Records from a data source:
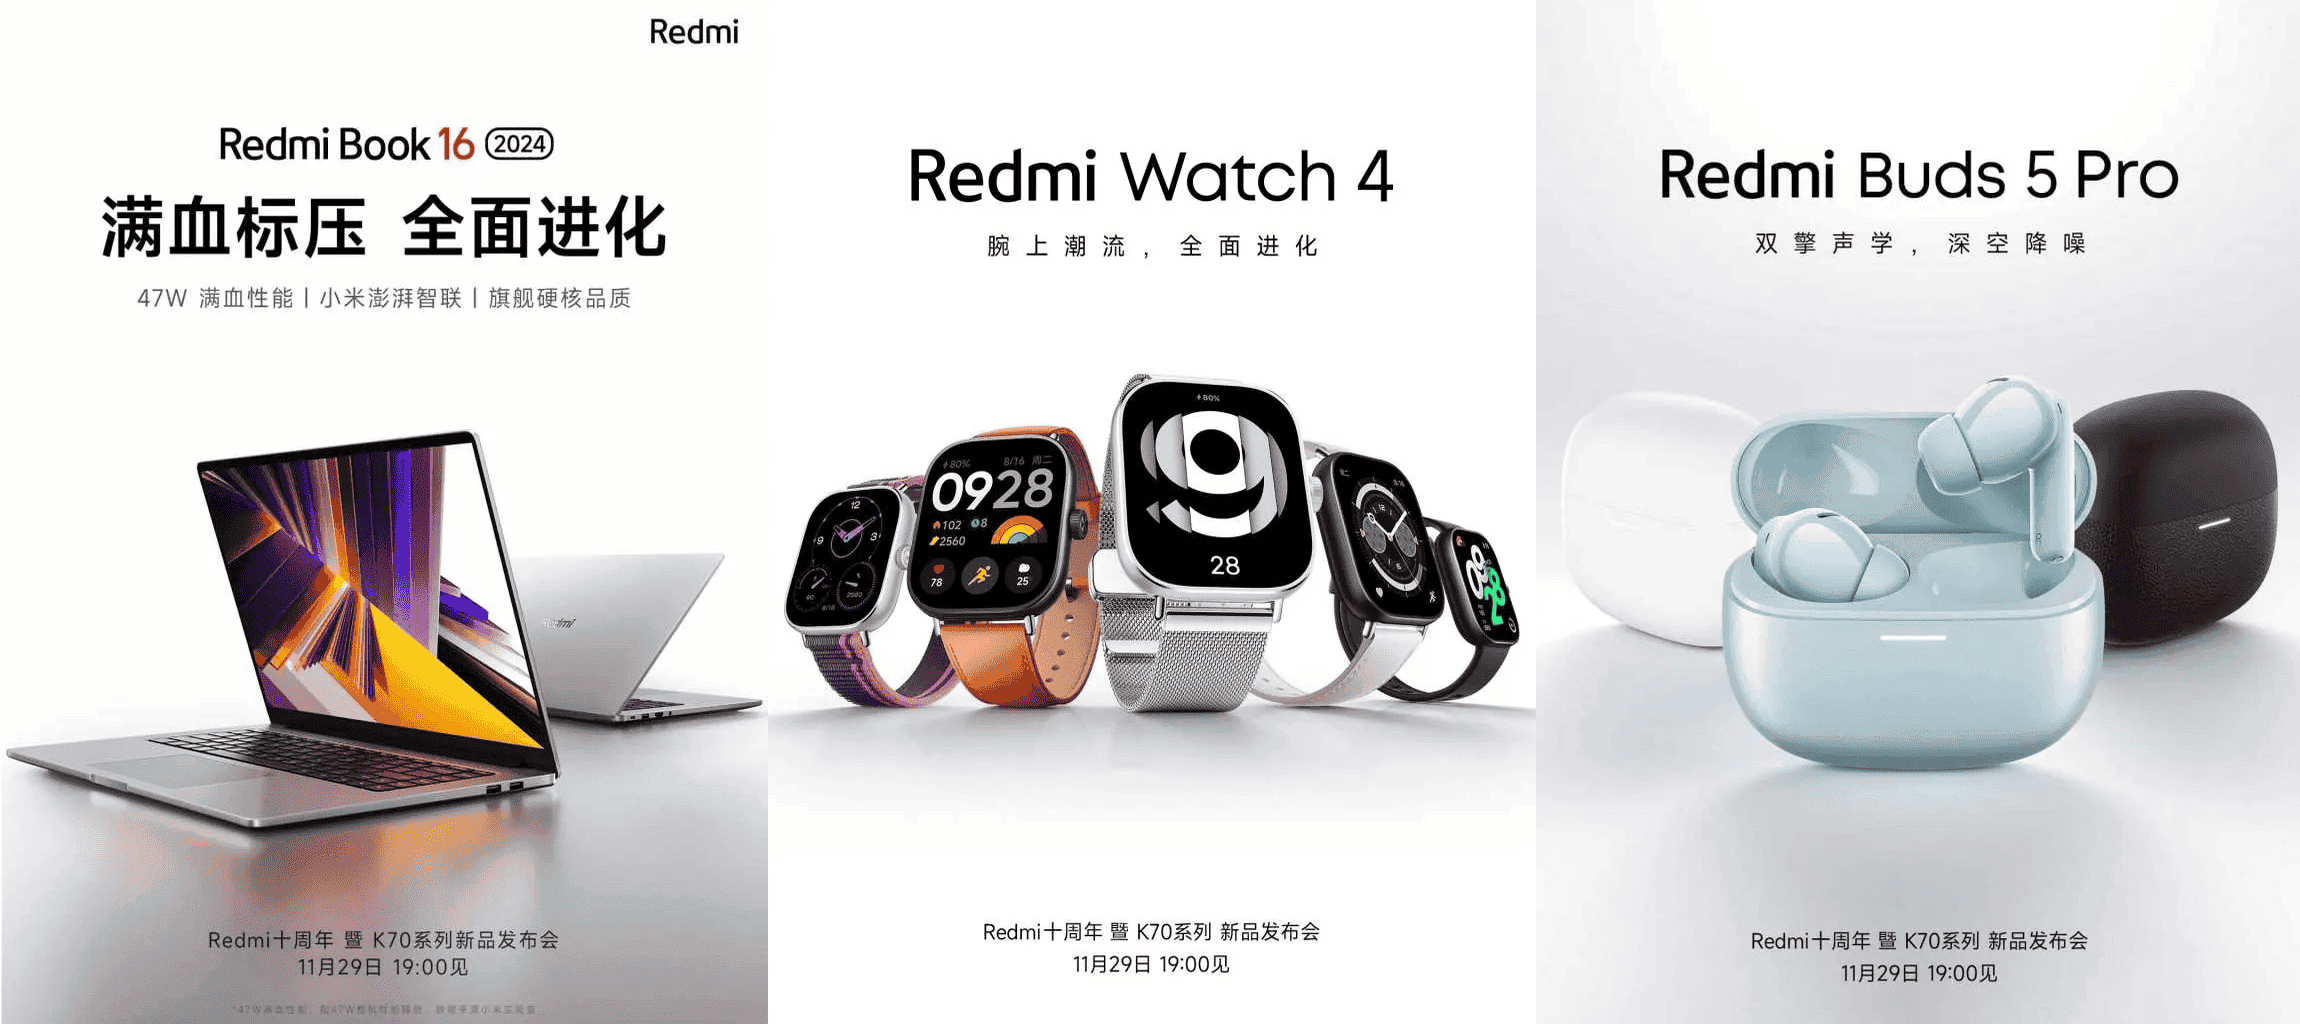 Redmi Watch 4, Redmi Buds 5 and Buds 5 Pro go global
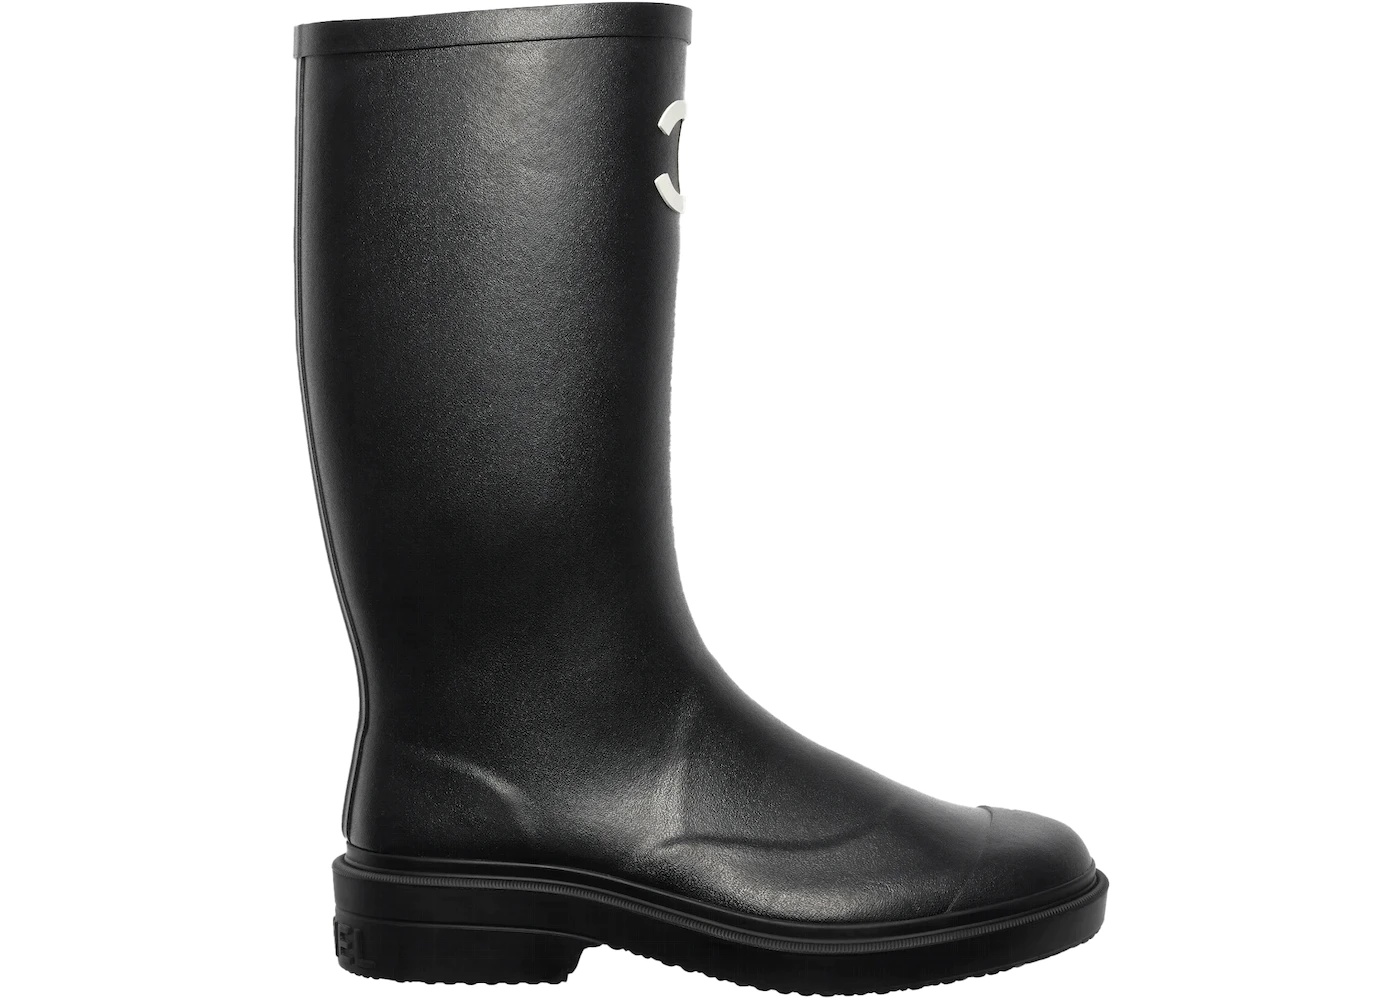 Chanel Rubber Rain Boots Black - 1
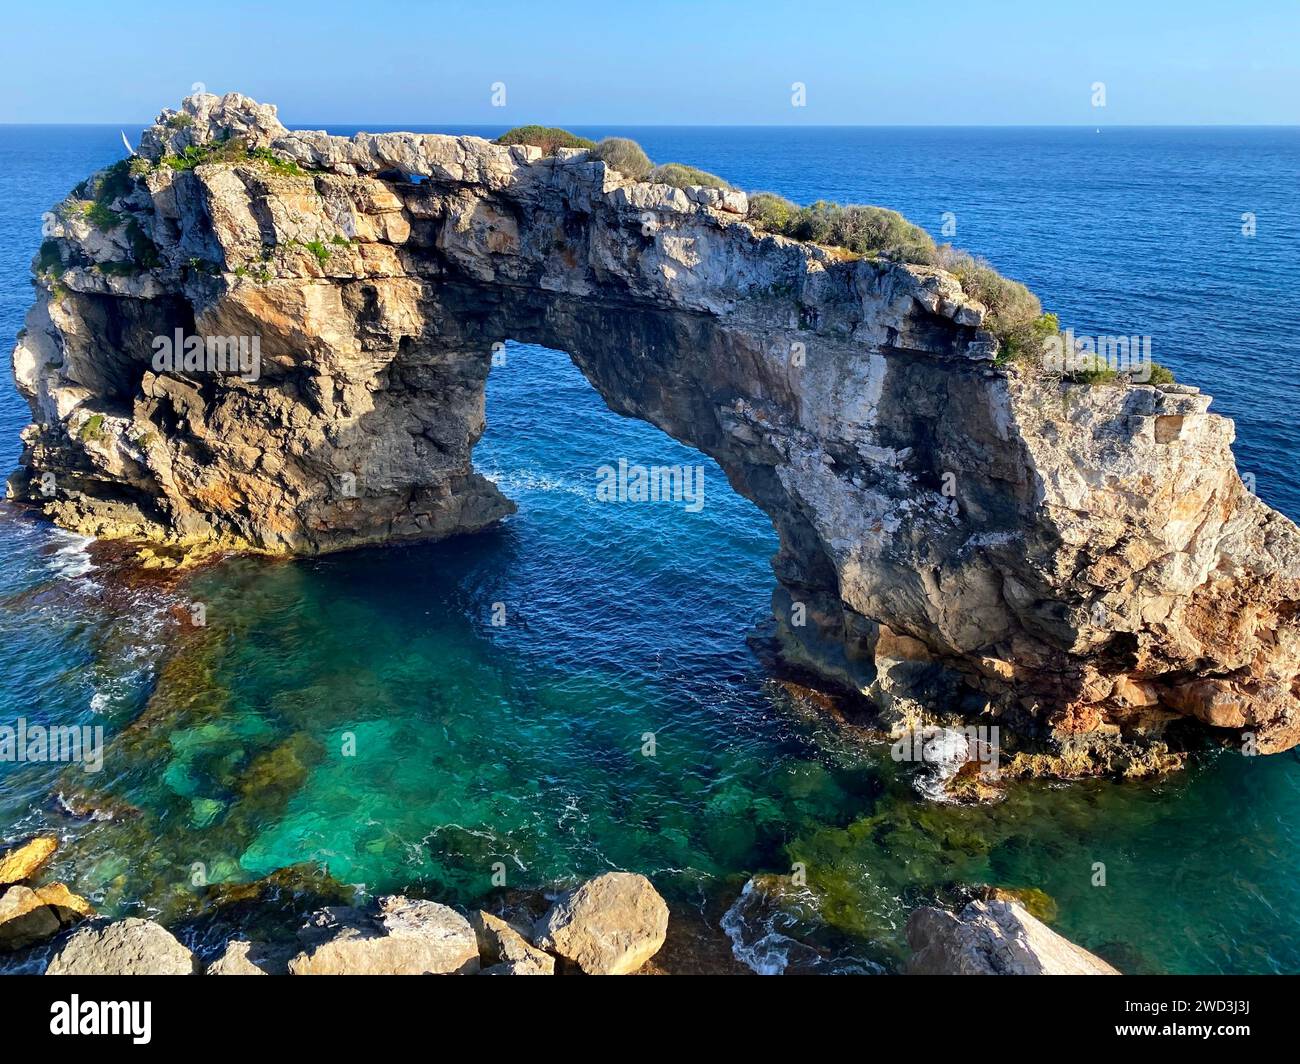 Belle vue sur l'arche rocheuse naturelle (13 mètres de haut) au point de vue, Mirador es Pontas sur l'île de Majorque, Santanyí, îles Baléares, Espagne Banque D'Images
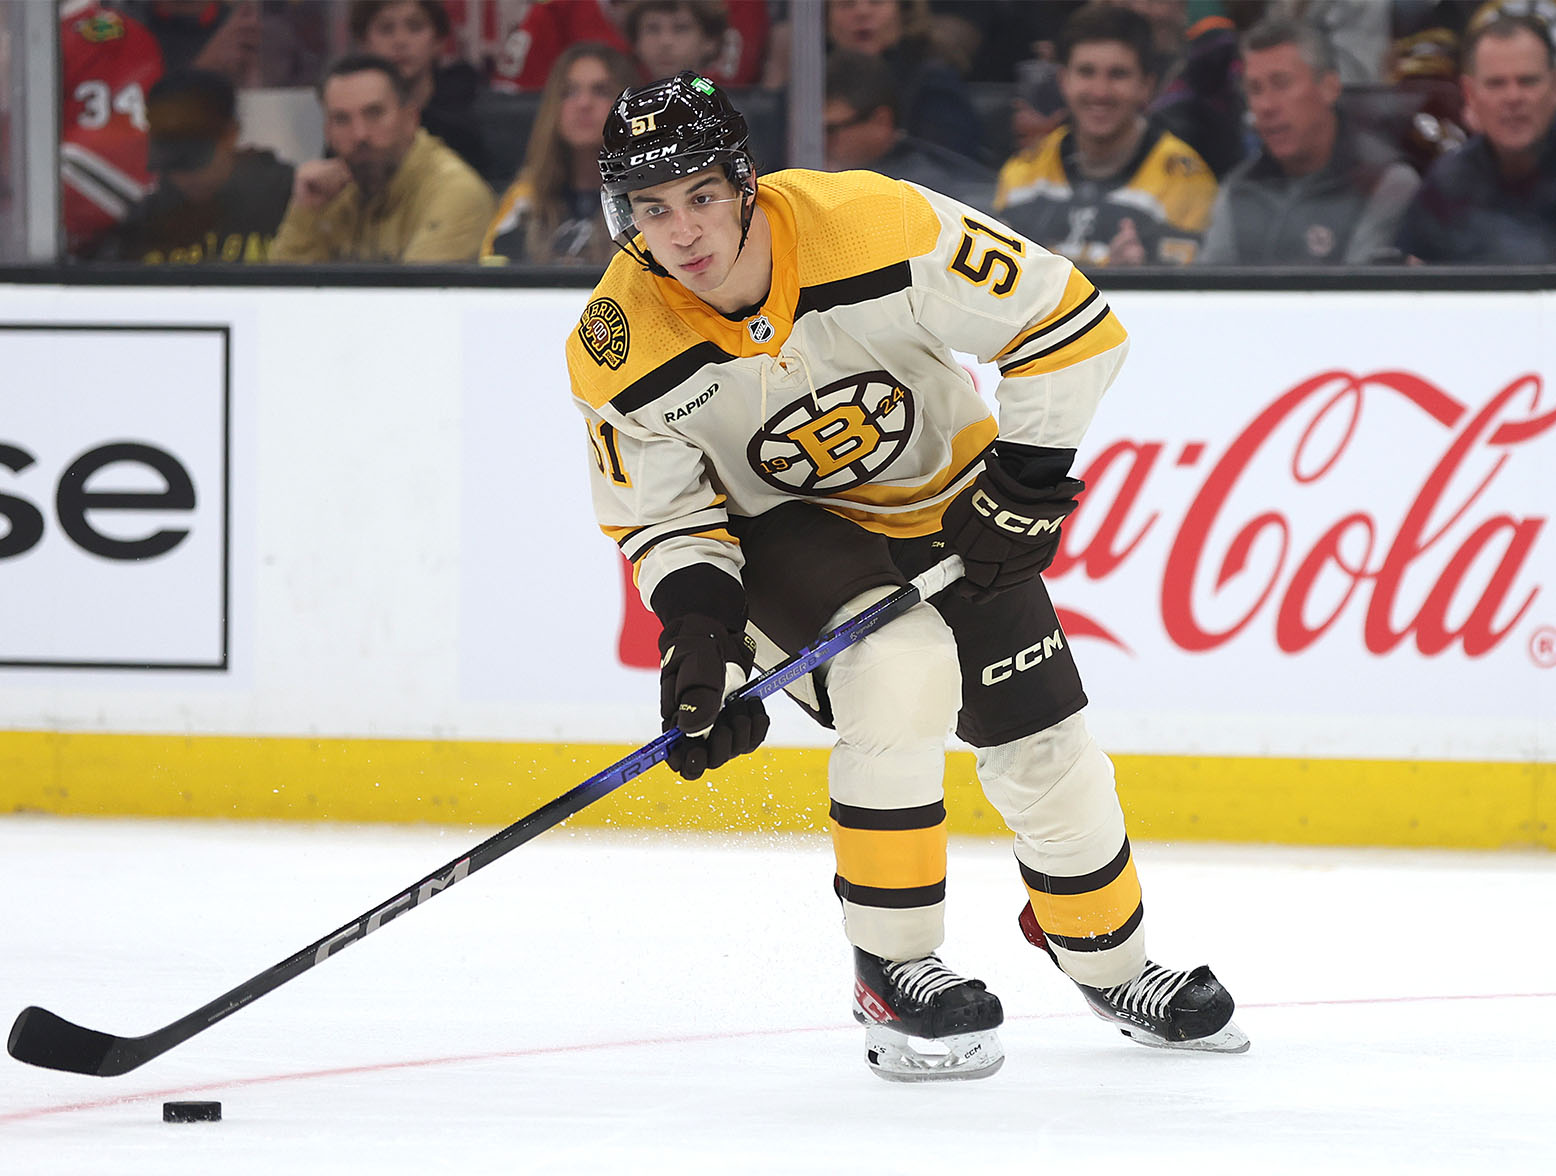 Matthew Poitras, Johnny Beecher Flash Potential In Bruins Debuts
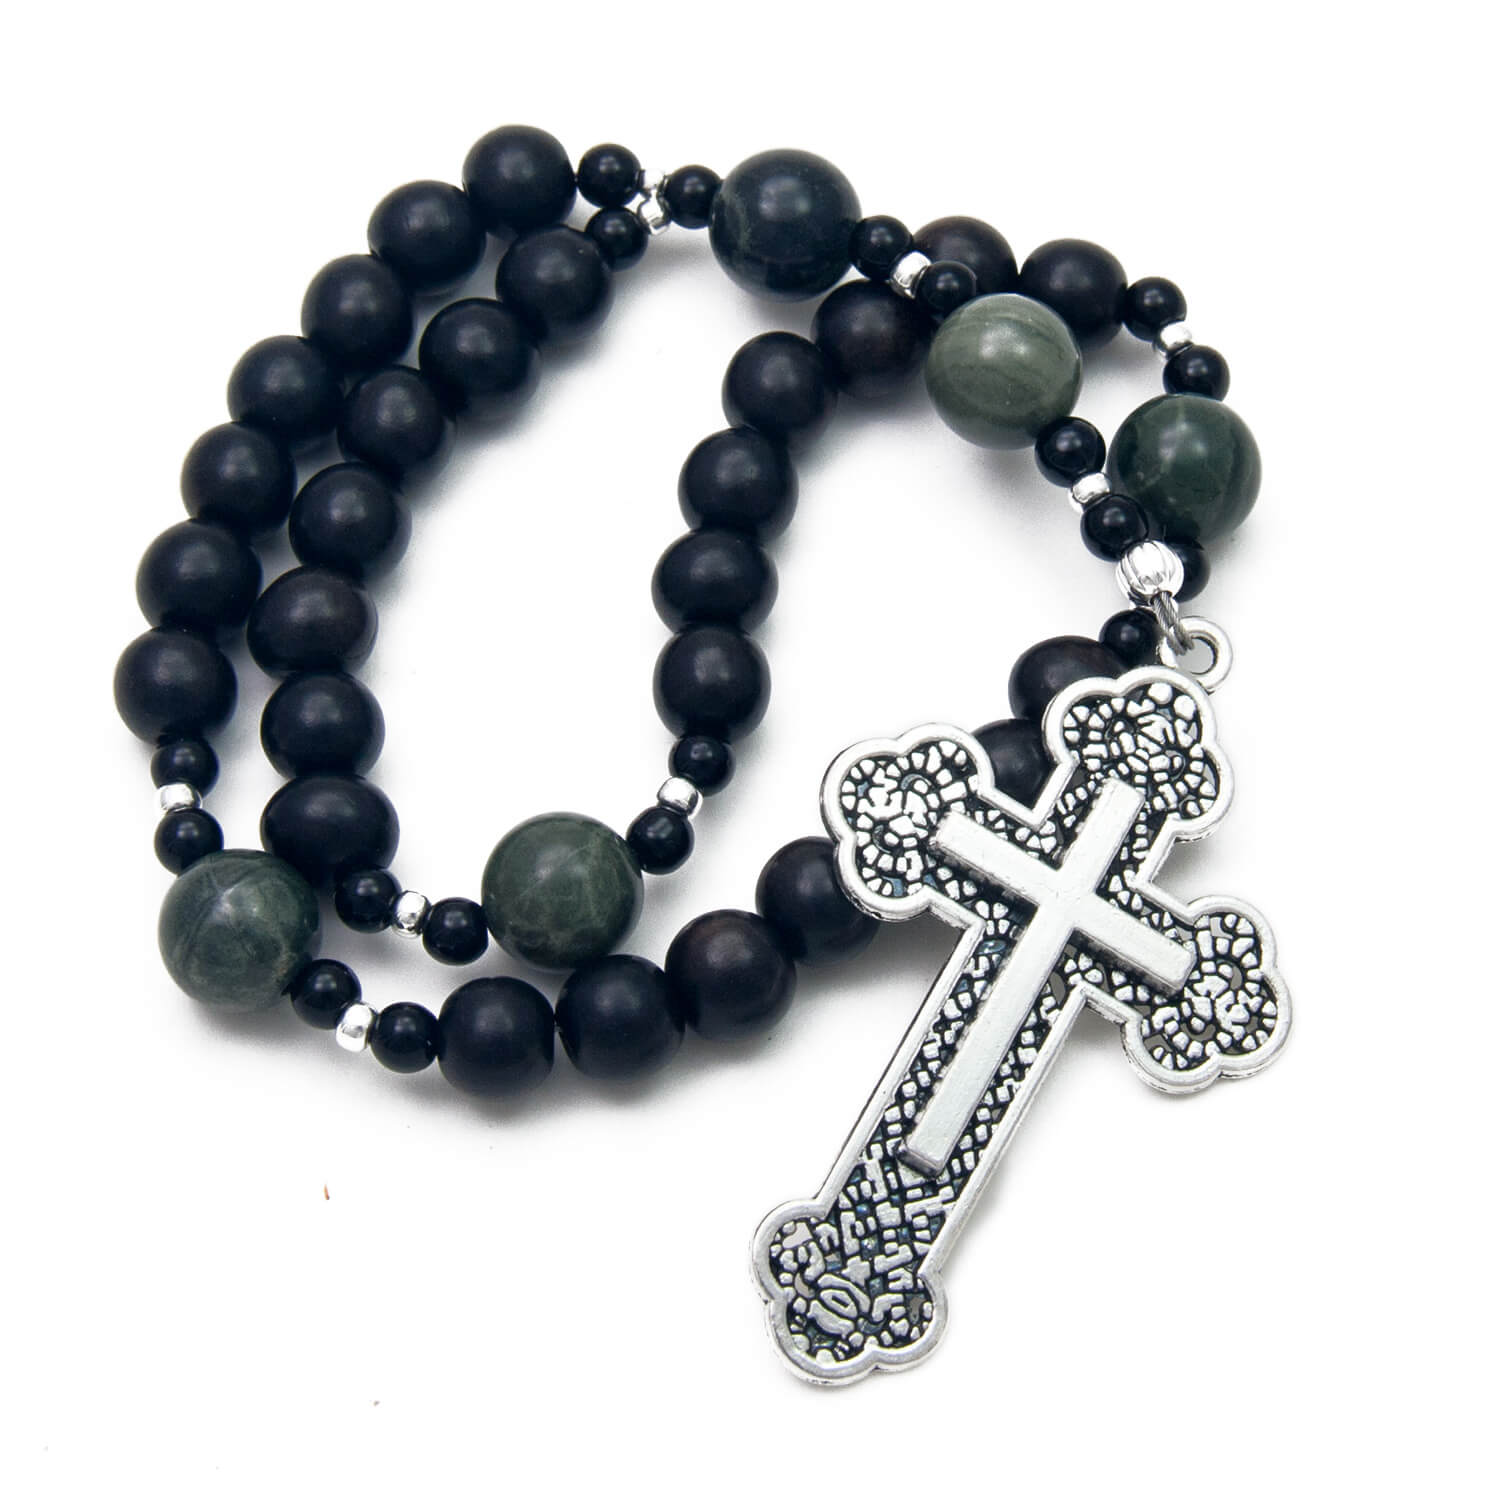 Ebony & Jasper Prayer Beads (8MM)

=== Exercise goal ===
Except for the pictures, set down all of the records exactly.

=== Exercise response ===
 Redmi Watch 4, Redmi Buds 5 and Buds 5 Pro go global
 Chanel Rubber Rain Boots Black - 1
 Belle vue sur l'arche rocheuse naturelle (13 mètres de haut) au point de vue, Mirador es Pontas sur l'île de Majorque, Santanyí, îles Baléares, Espagne Banque D'Images
 Matthew Poitras, Johnny Beecher Flash Potential In Bruins Debuts
 Ebony & Jasper Prayer Beads (8MM)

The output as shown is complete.